__INFORMATION SHOWN__.
------------------------------------------------------------------------
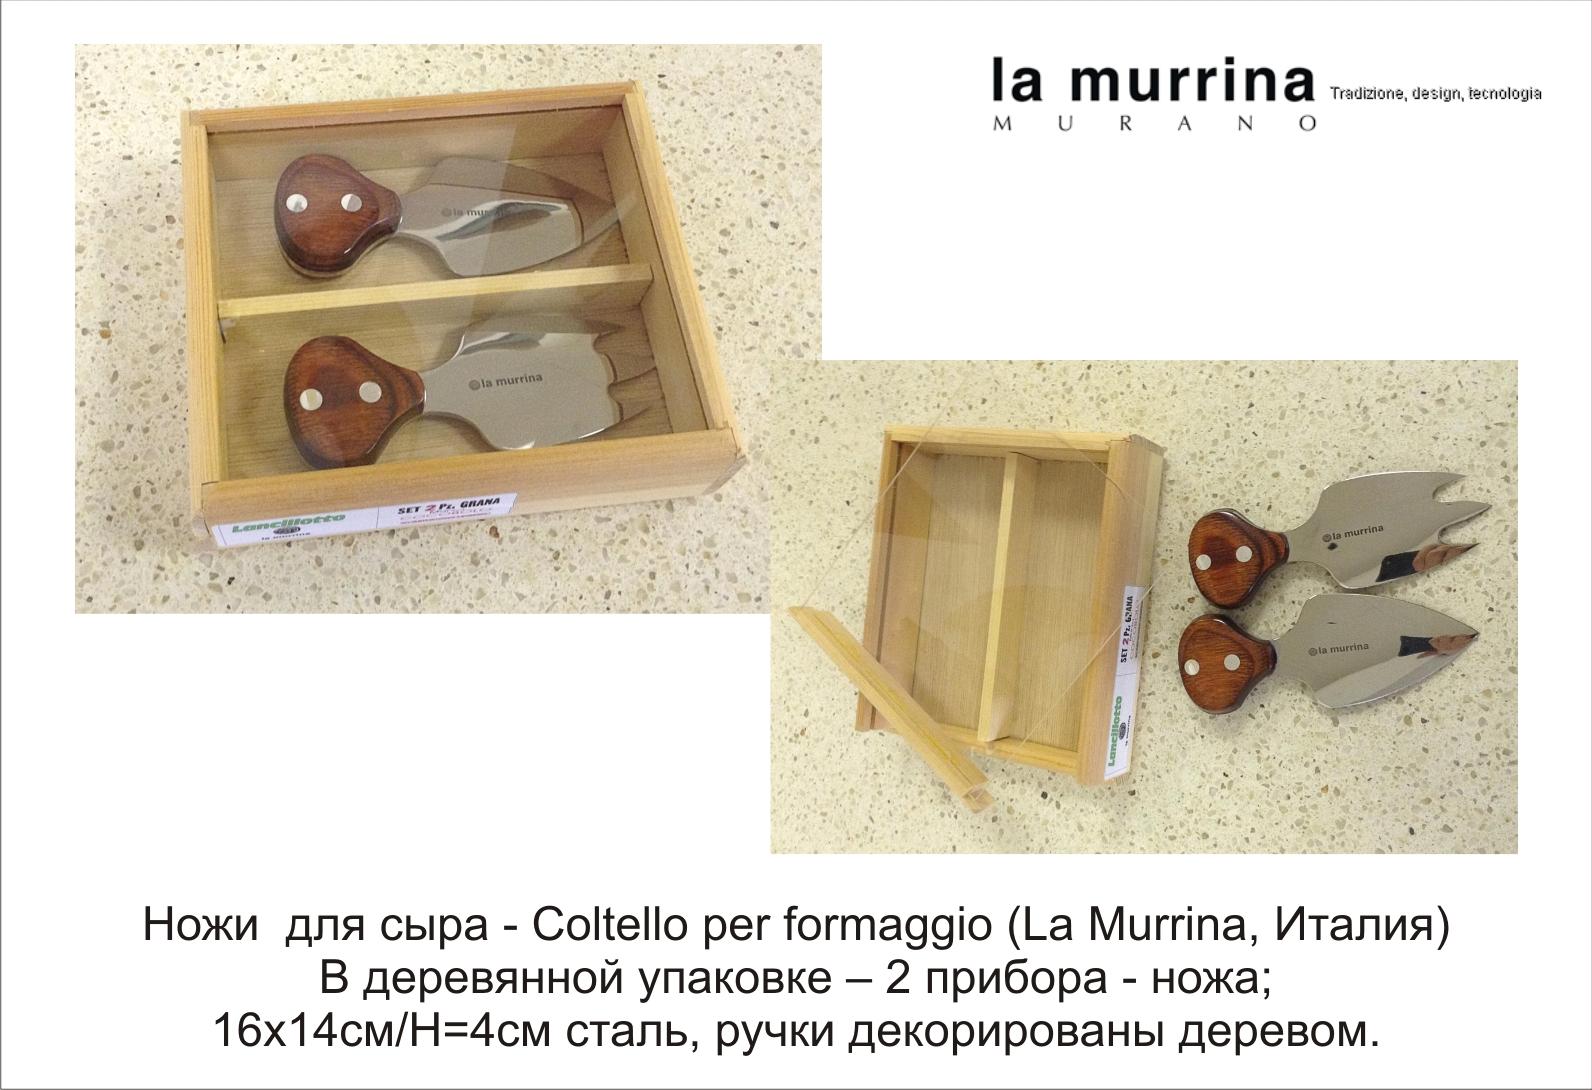 La Murrina - Coltello per formaggio
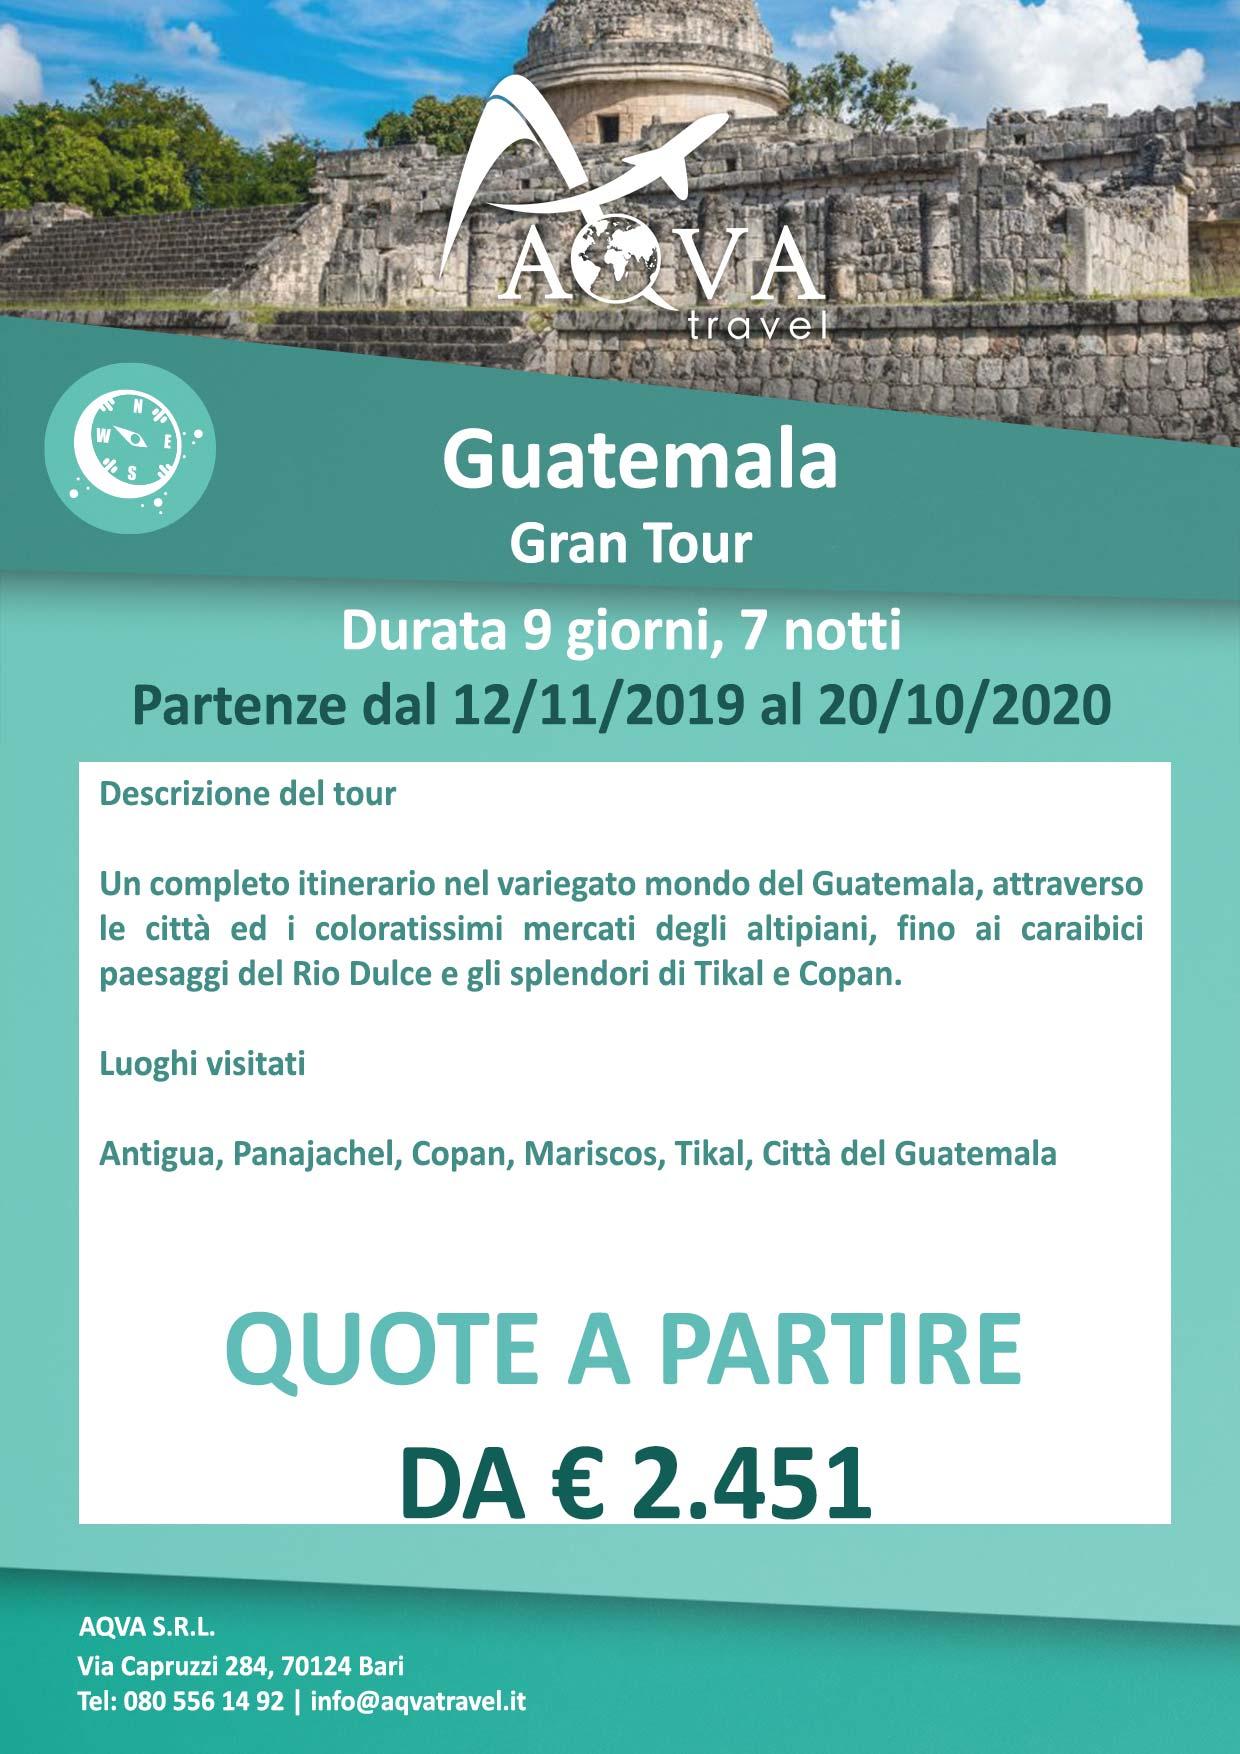 Guatemala-Gran-Tour-Durata-9-giorni-7-notti-Avventura-offerte-agenzia-di-viaggi-Bari-AQVATRAVEL-it
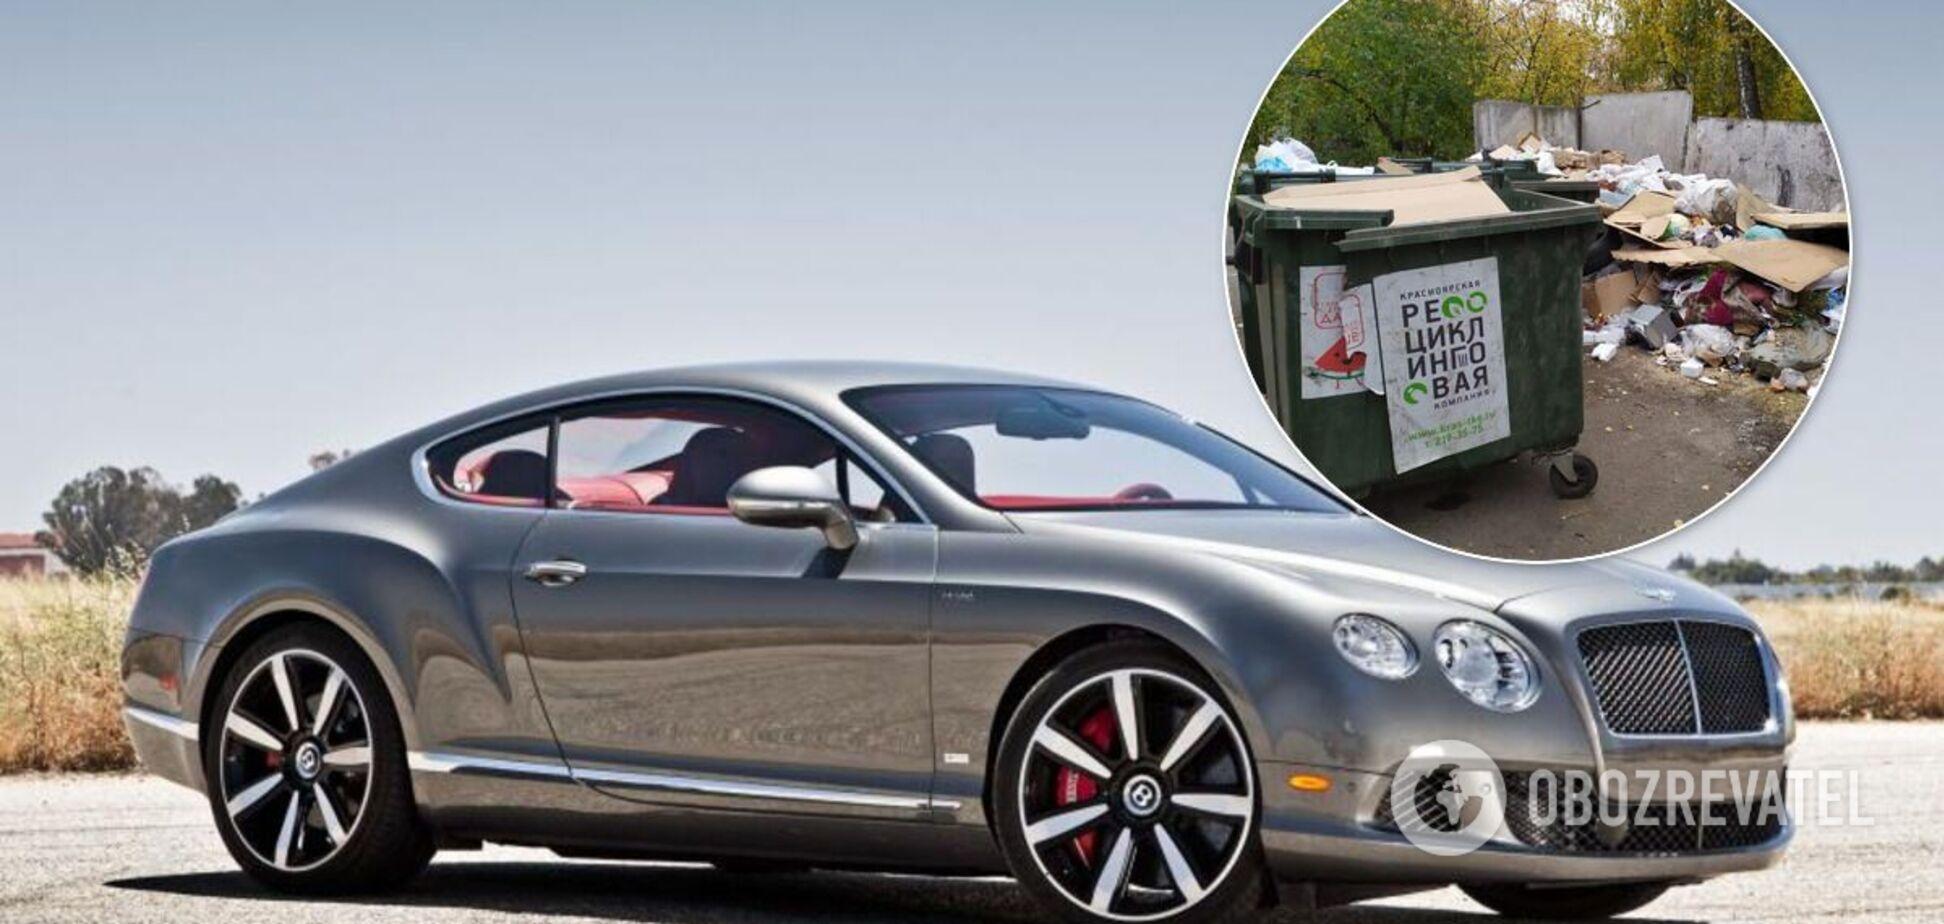 У Києві розкішний Bentley запаркували на звалищі біля купи сміття
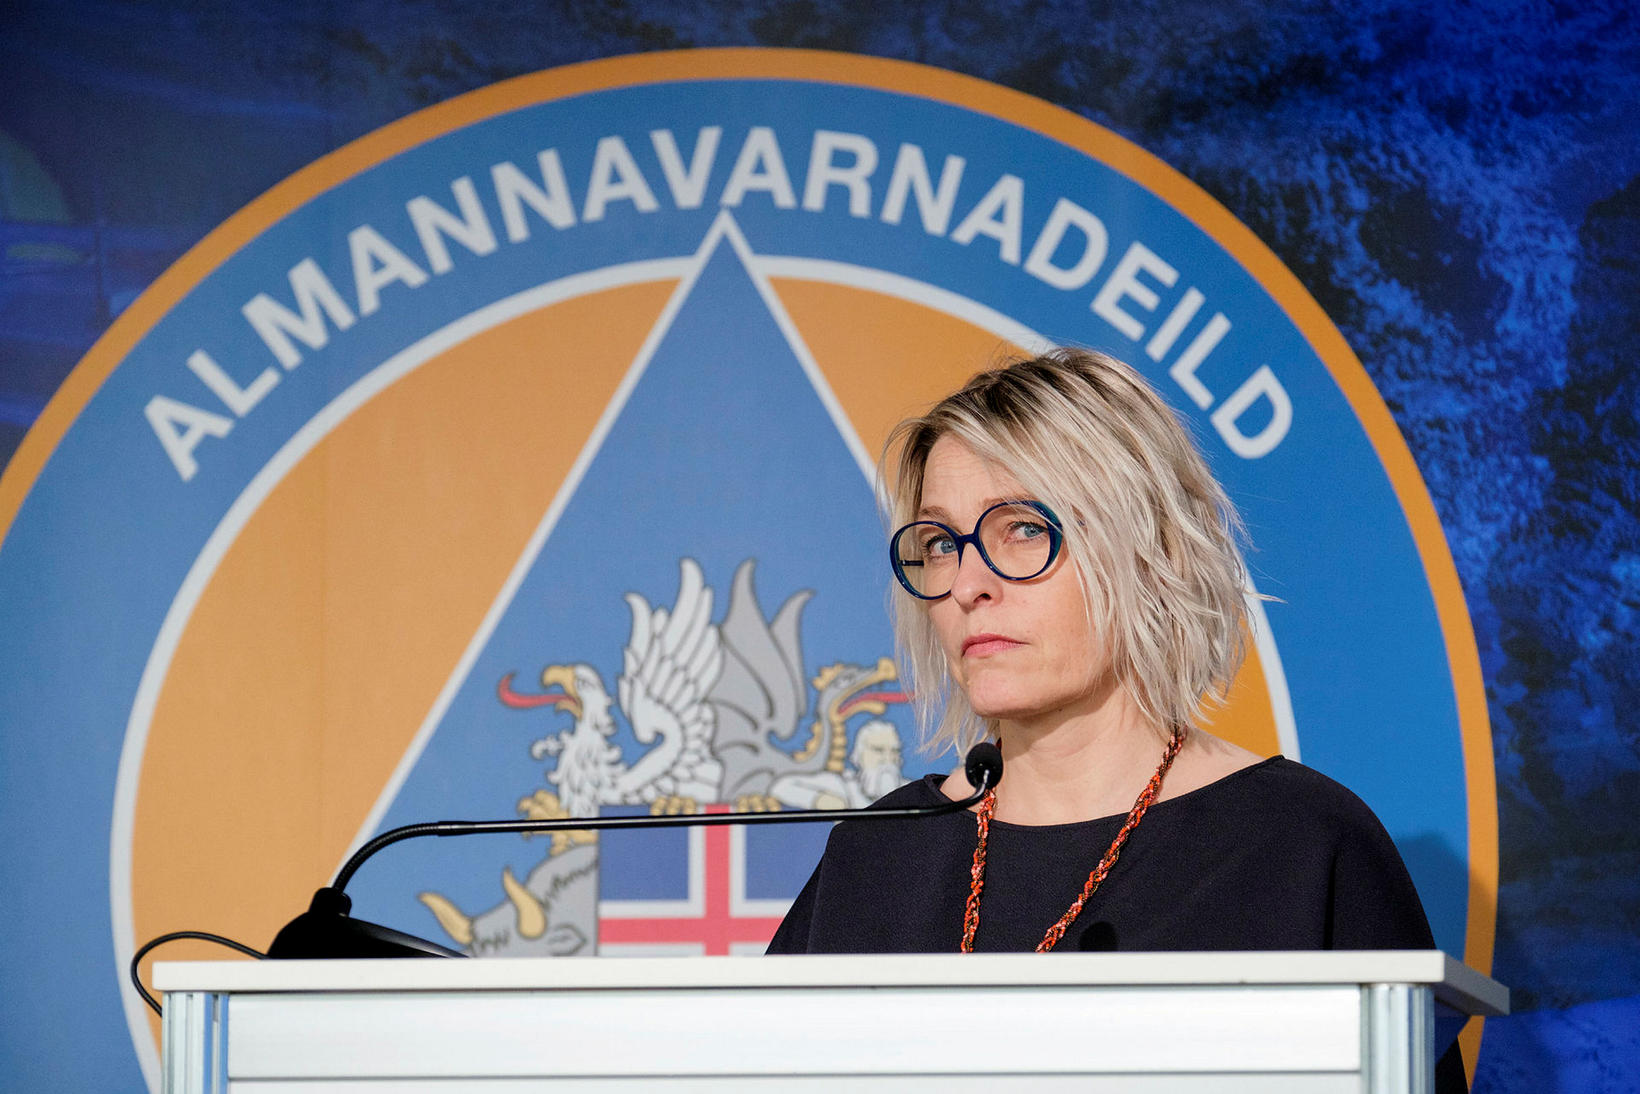 Kristín Jónsdóttir náttúruvársérfræðingur.
------------------------------------------------------------------------
__WHAT IS BEING ASKED__. Every line of the listing must be reproduced exactly, though the pictures are to be left out.

__WRITTEN ANSWER__.
 La Murrina - Coltello per formaggio
 Guatemala-Gran-Tour-Durata-9-giorni-7-notti-Avventura-offerte-agenzia-di-viaggi-Bari-AQVATRAVEL-it
 У Києві розкішний Bentley запаркували на звалищі біля купи сміття
 Kristín Jónsdóttir náttúruvársérfræðingur.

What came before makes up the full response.